Disclaimer: This is a fun thought experiment. I'm not looking for actionable results, or advocating for relying on any of this comment for actual security. I'm clearly not a cryptographer; I just think it would be interesting to talk about here, and maybe more educated people could comment on how well these approaches might mitigate the exploits in the article. Play with me in this space.

I'm curious if people have any interesting ideas on how to add some seasoning to MD5 to make it more secure. That is, simple, intuitive things you can do in combination with MD5 such that all the pieces in your scheme are still easily understood and don't amount to a new hash algorithm that can only be understood as a black box. Pretend MD5 is the only hash algorithm that has ever been found. Or that you're the Gilligan's Island Professor and MD5 hashes are your coconuts. What are the most potentially useful things you can build out of the most primitive, dumb components?

For example:

- Output the length of the input (or a hash of the length if you must have a constant-length output)

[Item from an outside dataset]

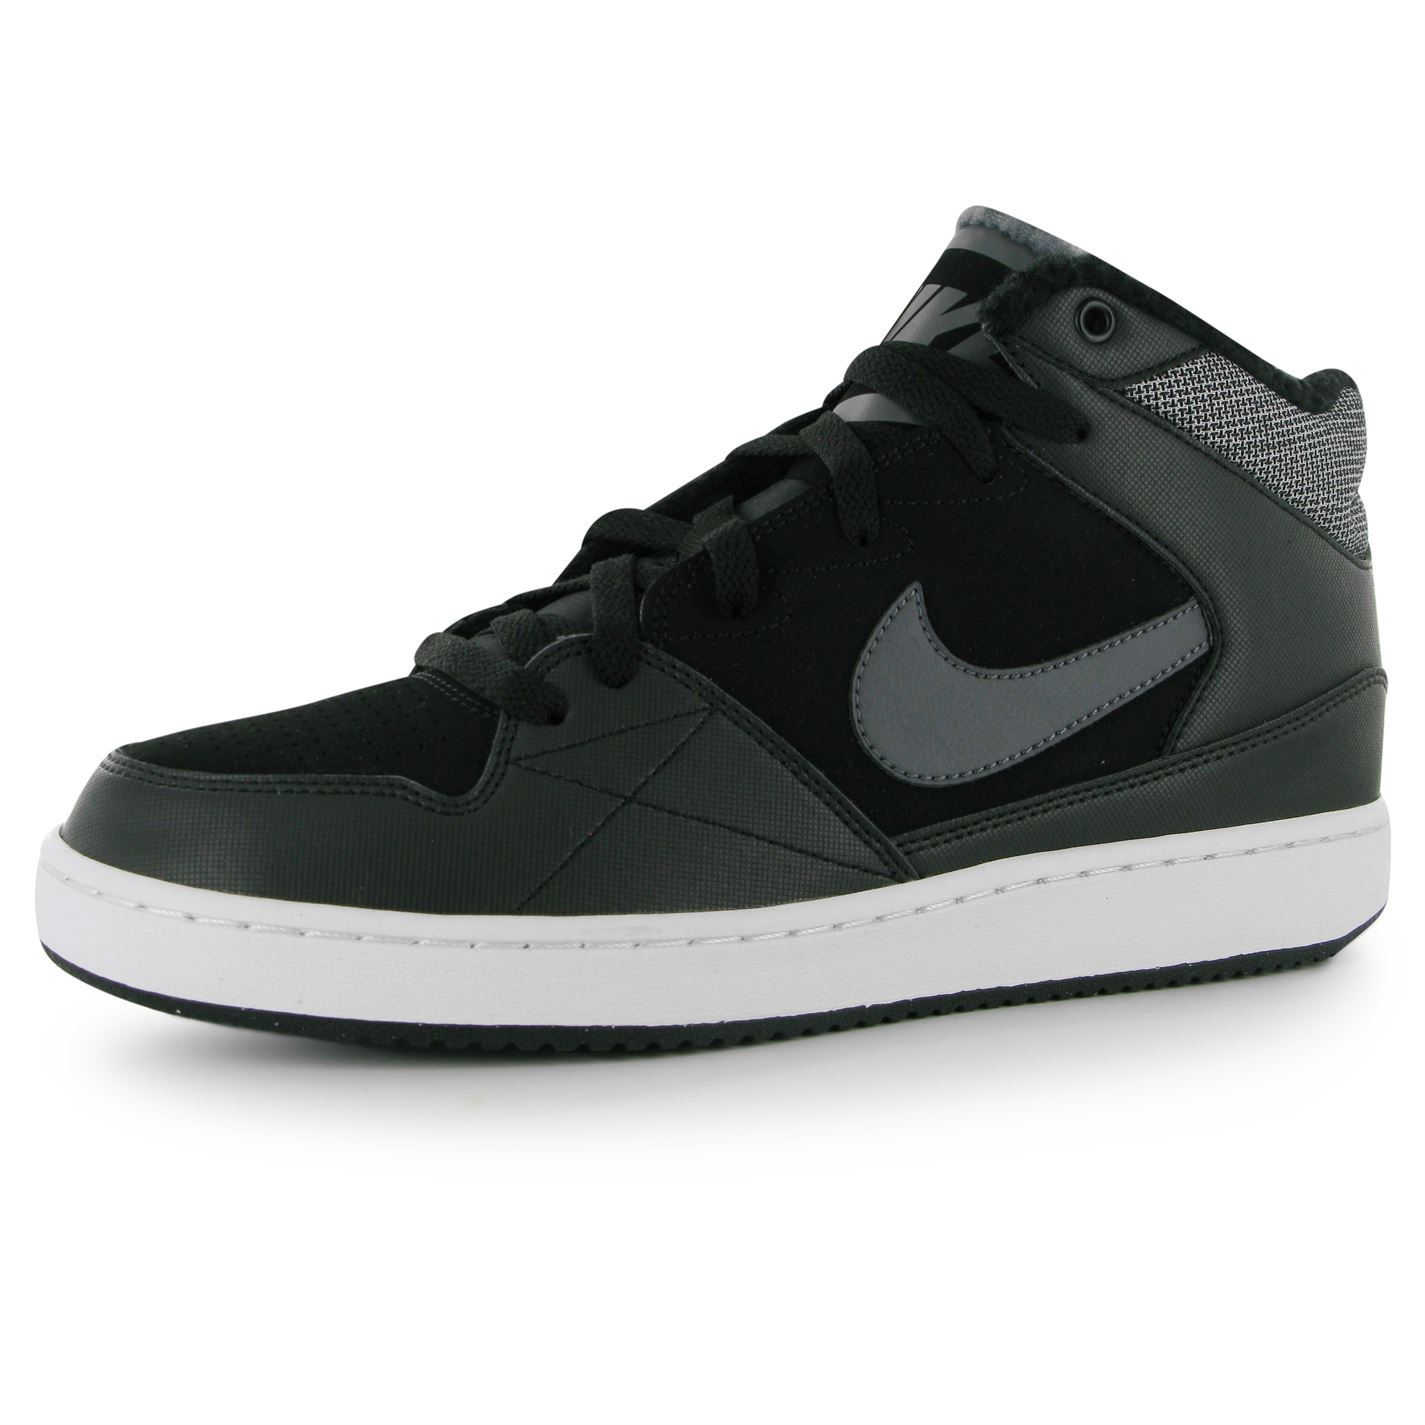 Nike High Top Mens Nike High Top Black

- Hash the input forwards and backwards and produce two hashes. (Remembering that, though the output is 256 bits now, you still only have coconuts to work with.)

- Include more complicated variations on the input in the hashes. e.g. start in the middle and oscillate forward and backward over the input, or move the second half of the input in front of the first before hashing, or use the input/hash of the input to seed a pseudorandom re-ordering of the input before hashing, etc.

- Format-aware hashing - whatever program will interpret the content of the file can also produce a hash, or some [canonical] interpretation of the content that can be hashed. e.g., for an image format, we could ask the renderer how many iterations of some operation it had to perform to render the output, or in the worst case, hash the bitmap it produced.

For sha1, people made a system where you can detect the patterns that lead to a collision, and (for example) replace it with a different hash only for inputs that would be a problem. https://github.com/cr-marcstevens/sha1collisiondetection i think git does this to eek more life out of sha1.

I imagine you could take a similar counter-cryptnalysis approach to md5. (I am out of my depth here, so there could be reasons this doesnt work for md5 im unaware of)